OBJECT AND SUMMARY OF THE INVENTION
[0006] It is an object of the invention to improve the performance
of the prior-art watermark detection method.
[0007] To this end, the method according to the invention is
characterized in that the method includes pre-processing of said
sequence of signal samples, said pre-processing comprising the
steps of: [0008] dividing the sequence of signal samples into
sub-sequences; [0009] subjecting all signal samples of a
sub-sequence to the same weighting, and varying said weighting from
sub-sequence to sub-sequence to obtain a substantially flat
distribution of signal samples over the sequence; and [0010]
concatenating the weighted sub-sequences to obtain the
pre-processed sequence of signal samples.
[0011] The method according to the invention effectively suppresses
large signal peaks while maintaining the small signal variations
representing the watermark.

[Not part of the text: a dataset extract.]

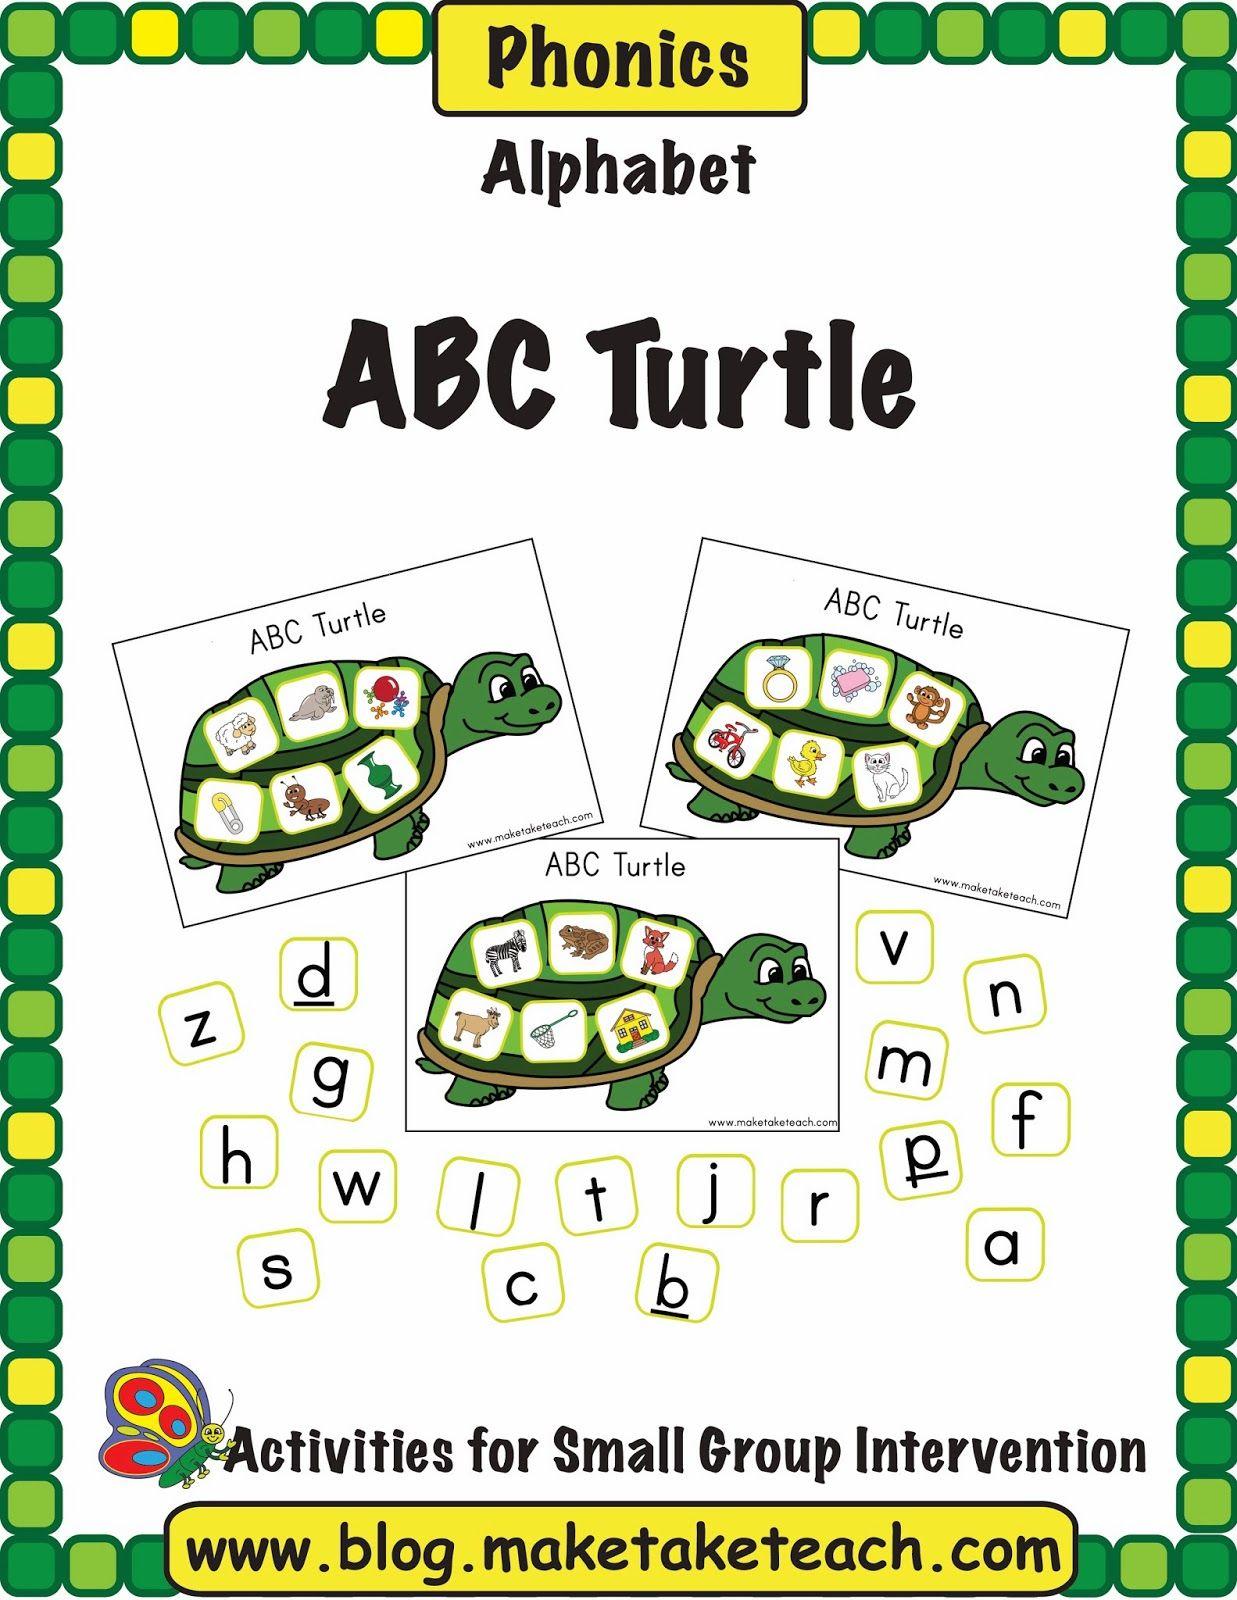 Fun Little Alphabet Game

This is achieved without knowing or
detecting the location of the disturbing component in the
signal.
[0012] The invention is particularly effective if the watermark
detection method includes accumulation of plural signal sequences.

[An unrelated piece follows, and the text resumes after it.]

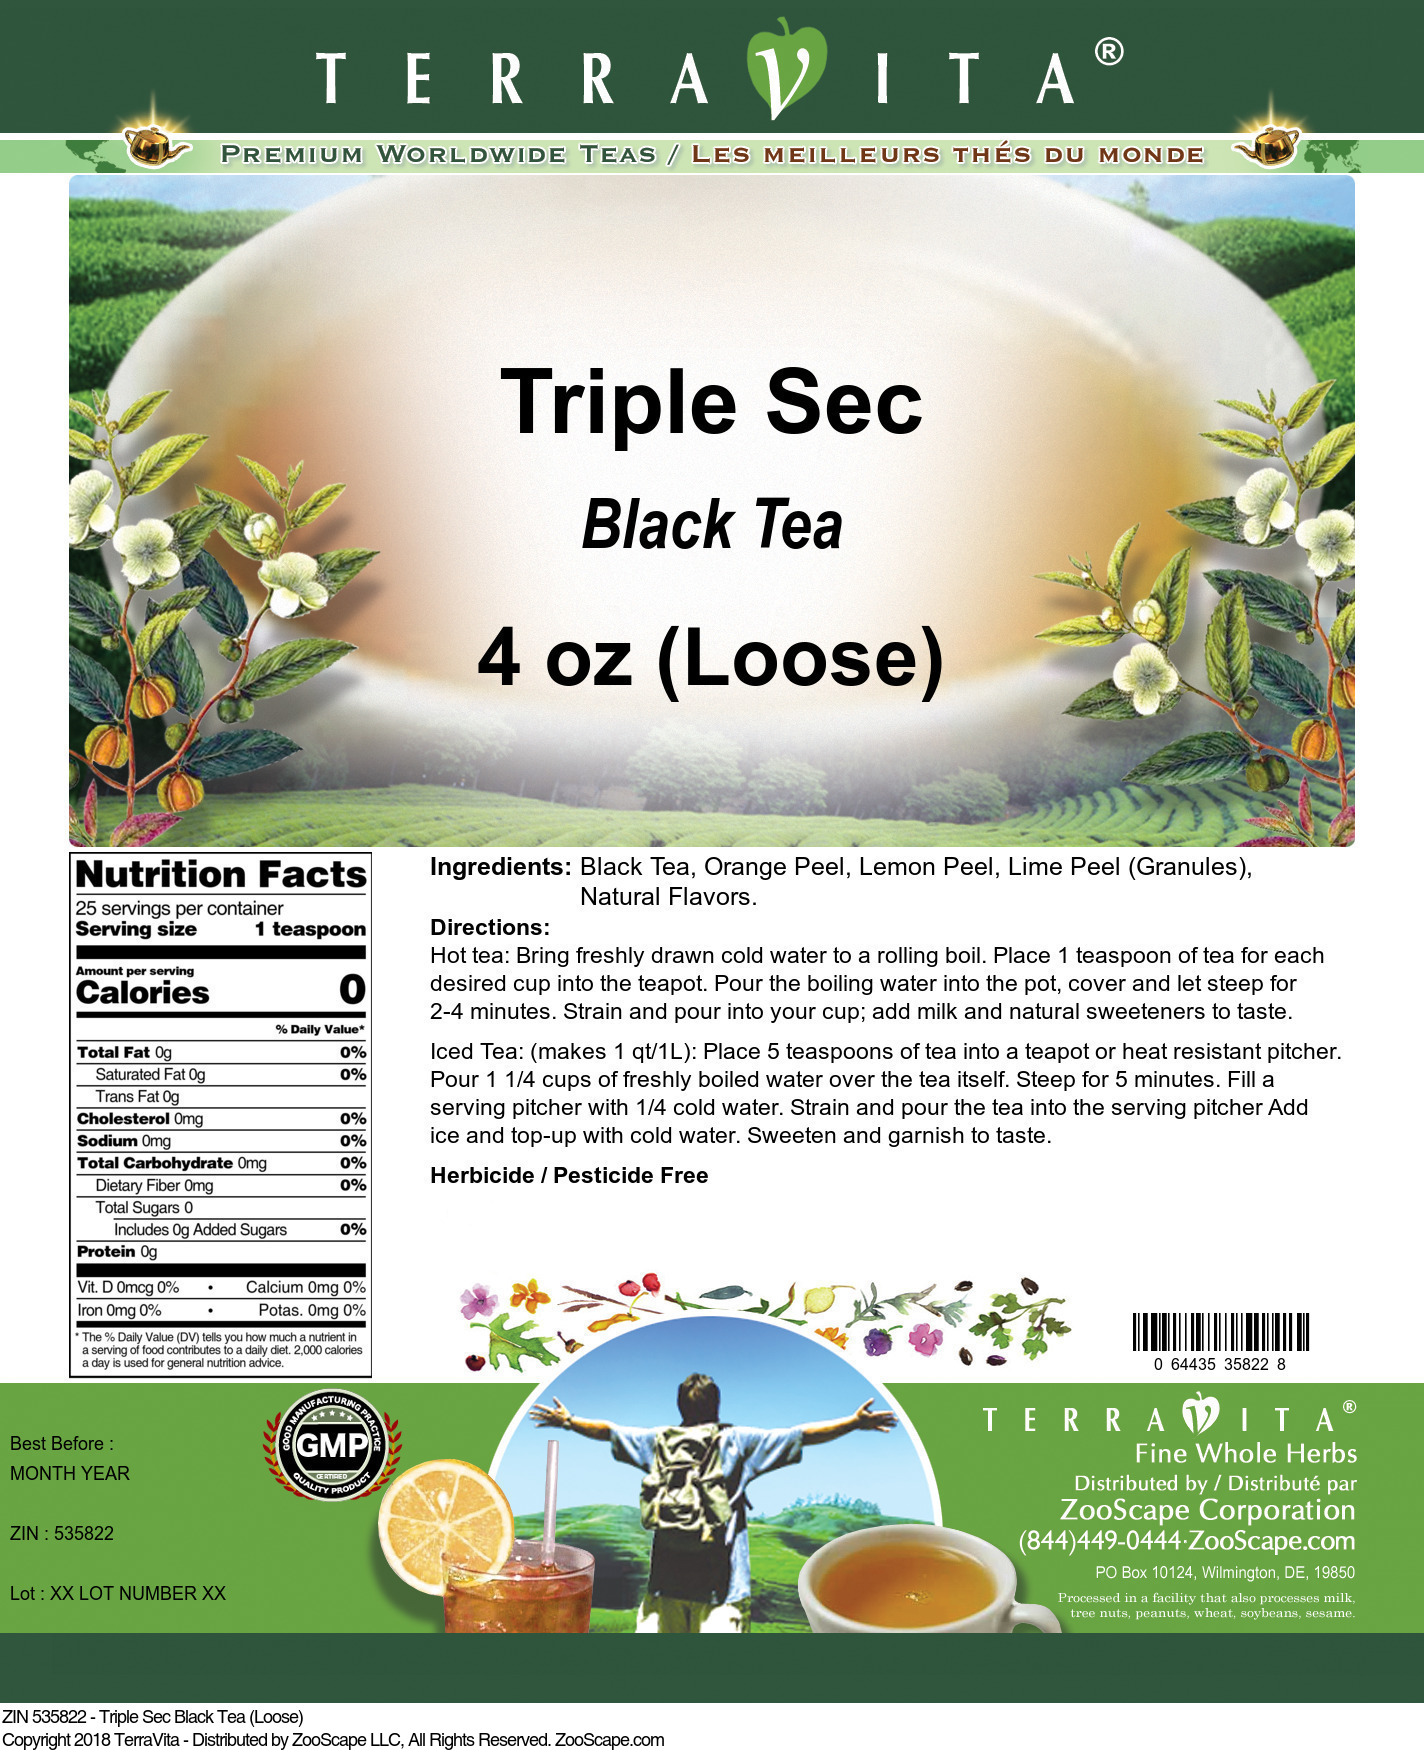 Triple Sec Black Tea

Such an accumulation normally improves the detection reliability
(the watermark sequences add up whereas the signal is averaged),
but this is no longer the case if the signal includes the same
disturbing component in substantially all accumulated sequences. In
a preferred embodiment of the method according to the invention,
the pre-processing is applied to said accumulated sequences. It is
thereby achieved that the disturbing component is effectively
removed from the accumulated sequences.
[0013] In an advantageous embodiment of the method according to the
invention, the sequence of signal samples is divided into
overlapping, preferably windowed, sub-sequences. A suitable window
is the well-known Hanning window, or the square root of the Hanning
window. An overlap of 50% has been found to give good results. The
concatenated sequence to be correlated with the watermark is
obtained by adding the weighted sub-sequences.

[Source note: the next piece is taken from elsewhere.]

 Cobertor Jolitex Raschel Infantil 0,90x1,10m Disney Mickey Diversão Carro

[0014] Advantageously, the step of weighting comprises Fourier
transforming the sub-sequence of signal samples, normalizing the
magnitudes of the Fourier coefficients, and back-transforming the
normalized coefficients. Alternatively, the step of weighting
comprises dividing all signal samples of a sub-sequence by the
largest signal sample of said sub-sequence. The second option, i.e.
scaling, has a lower arithmetic complexity than the first option
where weighting is obtained by normalizing the magnitudes in the
frequency domain. In both embodiments, the sequence is adaptively
weighted, based on properties of the signal.
BRIEF DESCRIPTION OF THE DRAWINGS
[0015] These and other aspects of the invention are apparent from
and will be elucidated with reference to the accompanying drawings,
in which:
[0016] FIG. 1 shows schematically a prior-art arrangement for
embedding a watermark to provide background information about the
watermark embedding process.
[0017] FIG. 2 shows schematically a preferred embodiment of an
arrangement for detecting the watermark in accordance with the
invention.
[0018] FIG. 3 shows graphs of correlation peak values for an audio
signal to illustrate the performance of the method according to the
invention.
[0019] FIGS. 4-6 show diagrams to illustrate the operation of the
watermark detection arrangement which is shown in FIG. 2.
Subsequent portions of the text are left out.